Delivered in English

Abstract:
Human beings, it has been claimed, are “autonomous shadows”: no controlling subject directs from within, and yet we do all manner of things: formulate and follow plans, perceive in the present, remember the past and imagine the future, maintain bodily poise and gesture, see the world from other points of view, reflect on our own states of mind and acknowledge those of others. The claim I want to consider is that attention does the work traditionally attributed to  self, that attention replaces self in the explanation of human action, perception, and thought. Attention is the reason there can be action without an actor, consciousness without a cognizer, autonomy in the shadows. I find that the idea is most powerfully articulated in the work of a philosopher from 5th century India and Sri Lanka, Buddhaghosa.  Buddhaghosa’s attention-theoretic study brings important new options to the table in contemporary philosophy of mind and cognitive science, providing new directions to recent work on the pervasiveness of the mental, embodied cognition, intersubjectivity and the experience of time, organised around the possibility that attention displaces detached agentive self in the understanding of perceptual experience, intentional action, reflective thought, and personal identity.

Bio: Jonardon Ganeri is Global Network Visiting Professor of Philosophy with New York University and Recurrent Visiting Professor in Philosophy at King’s College London.
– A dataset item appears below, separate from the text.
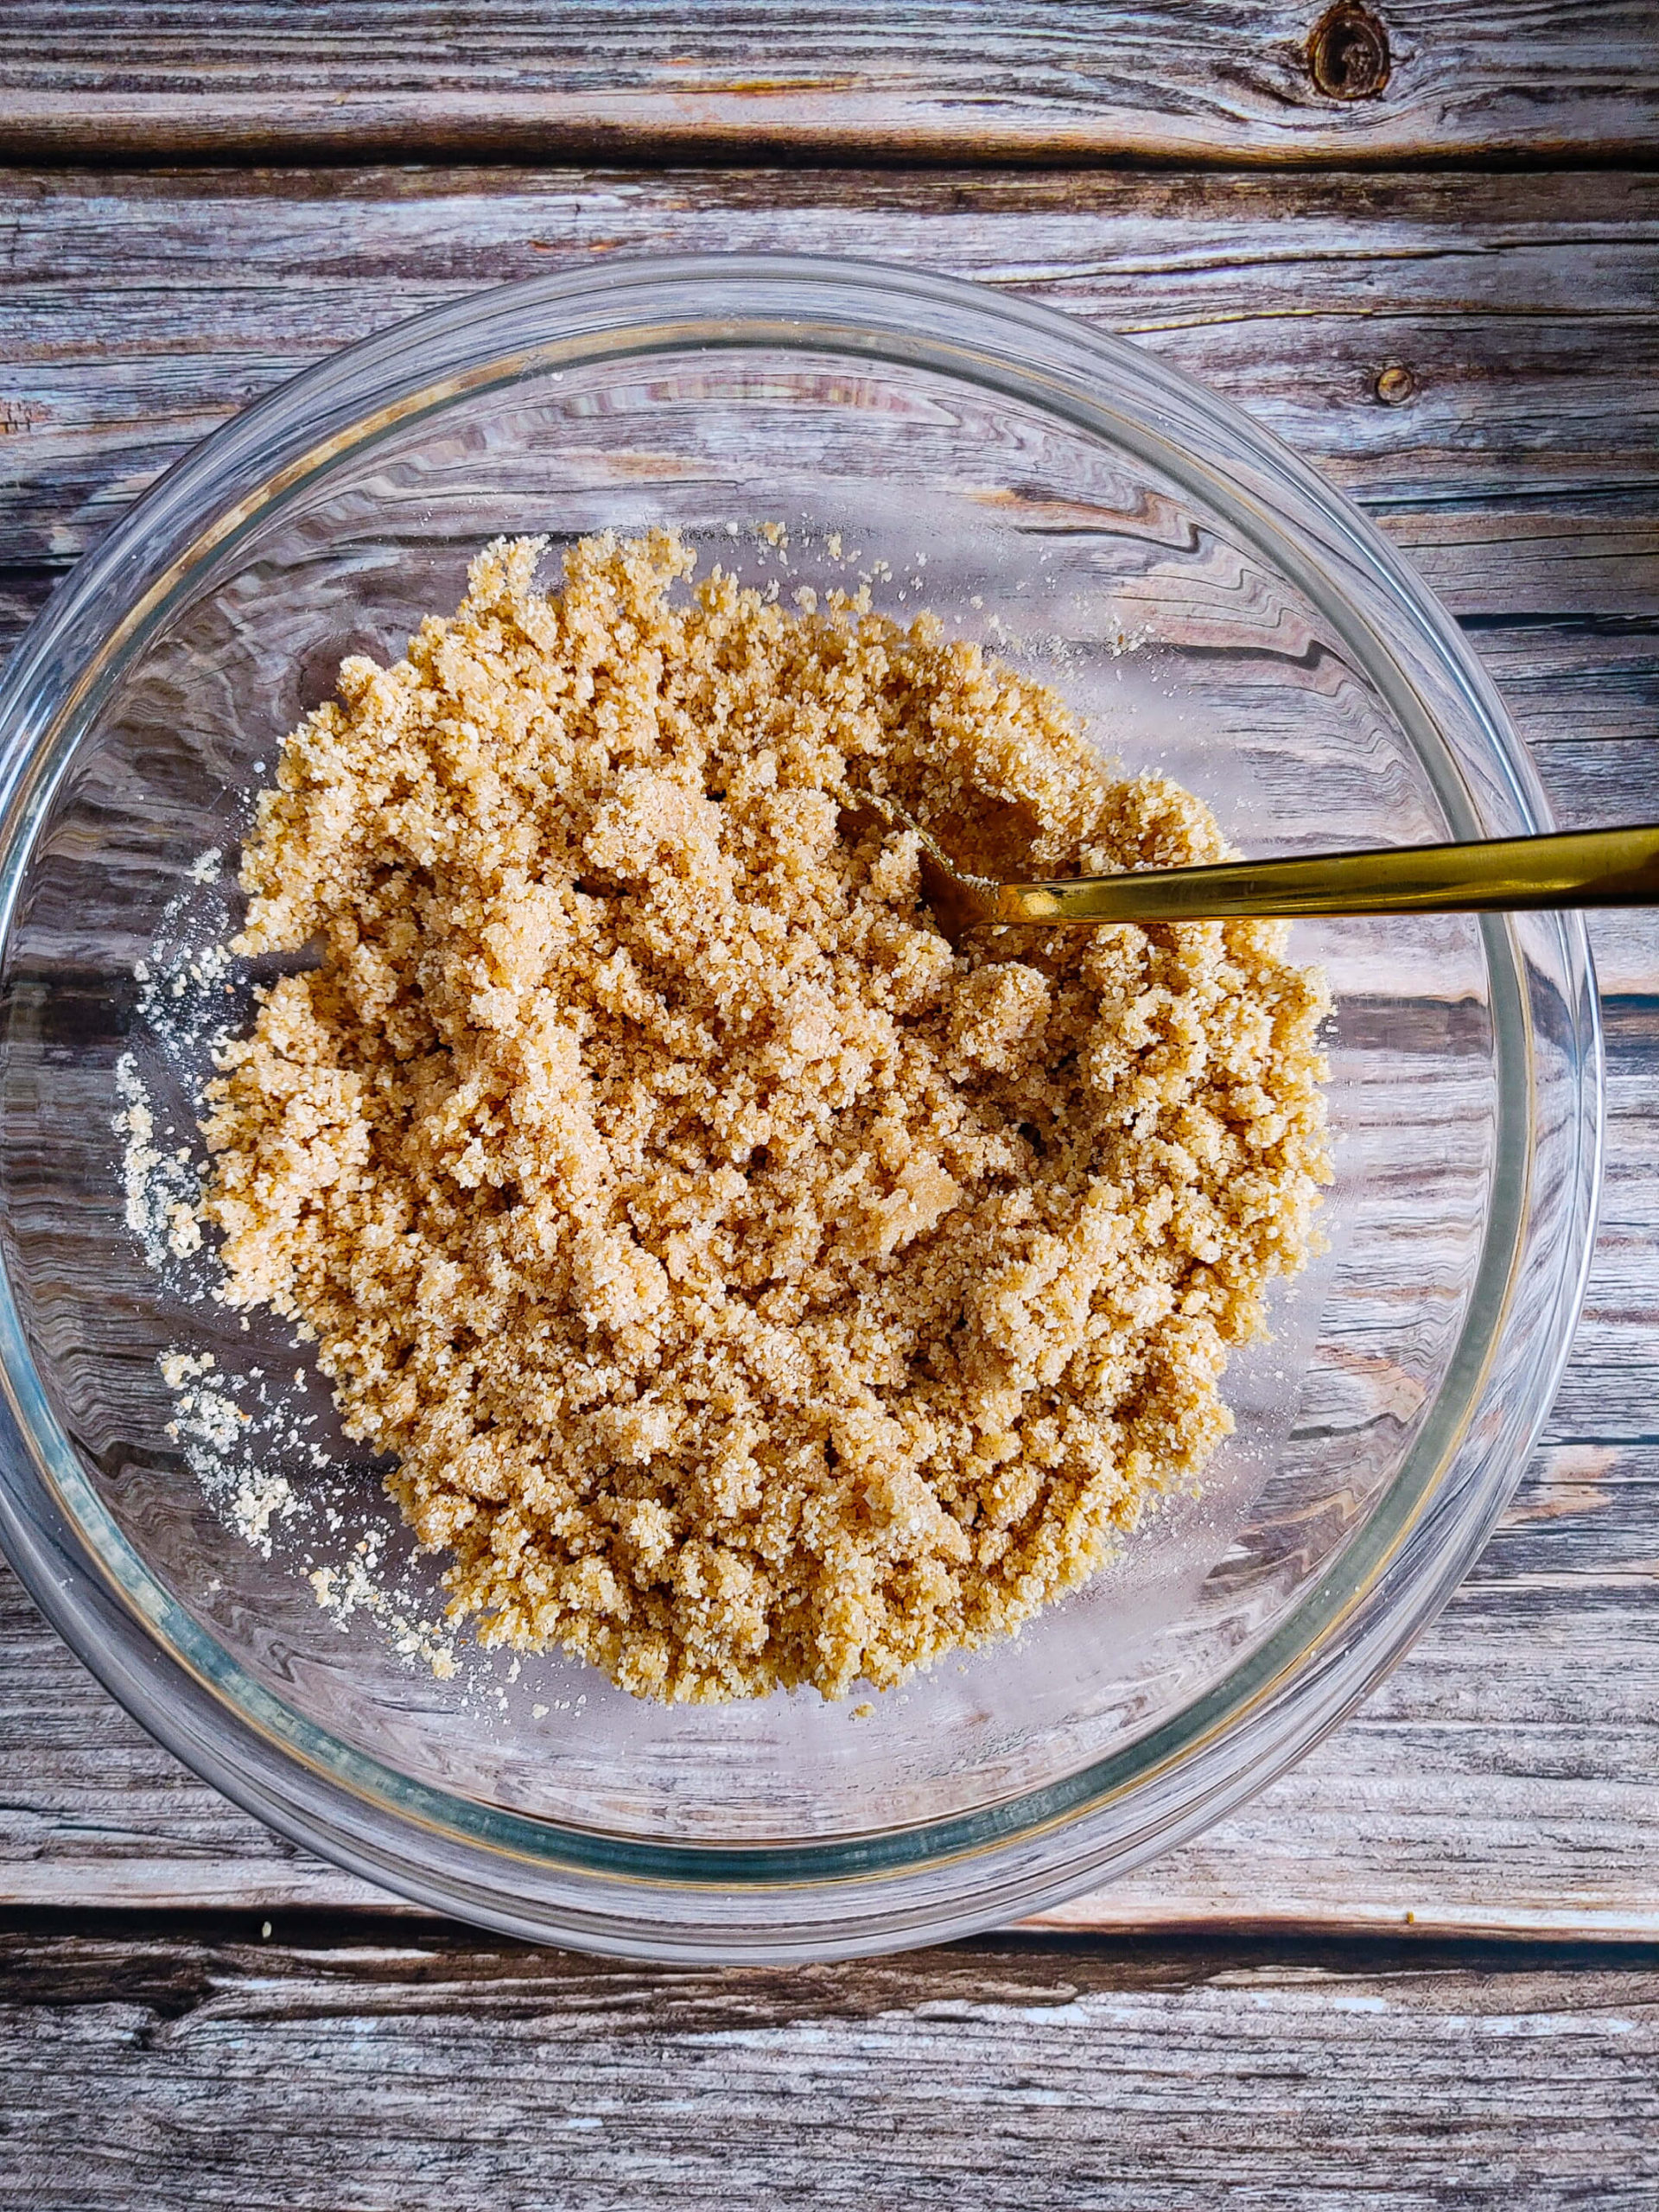 COMBINE THE GRAHAM CRACKER, SUGAR, AND BUTTER TOGETHER

Ganeri argues for cosmopolitanism in philosophy, the view that philosophy must appeal to a plurality of intellectual habitats if it is to avoid parochialism in the intuitions that guide it and the vocabularies in which it is phrased.  His work has focused primarily on a renewal of the Sanskrit philosophical dialogue, and he has written on theories of self, concepts of rationality, metaphysics, epistemology, and the philosophy of language, as well as on the idea of philosophy as a practice and its relationship with literature. He has worked extensively on the social and intellectual history of early modern South Asia,  resulting in a prize-winning book entitled The Lost Age of Reason: Philosophy in Early Modern India 1450–1700 (Oxford: Oxford University Press 2011). His much-acclaimed The Self: Naturalism, Consciousness, and the First-Person Stance (Oxford: Oxford University Press 2012) has just been released in paperback.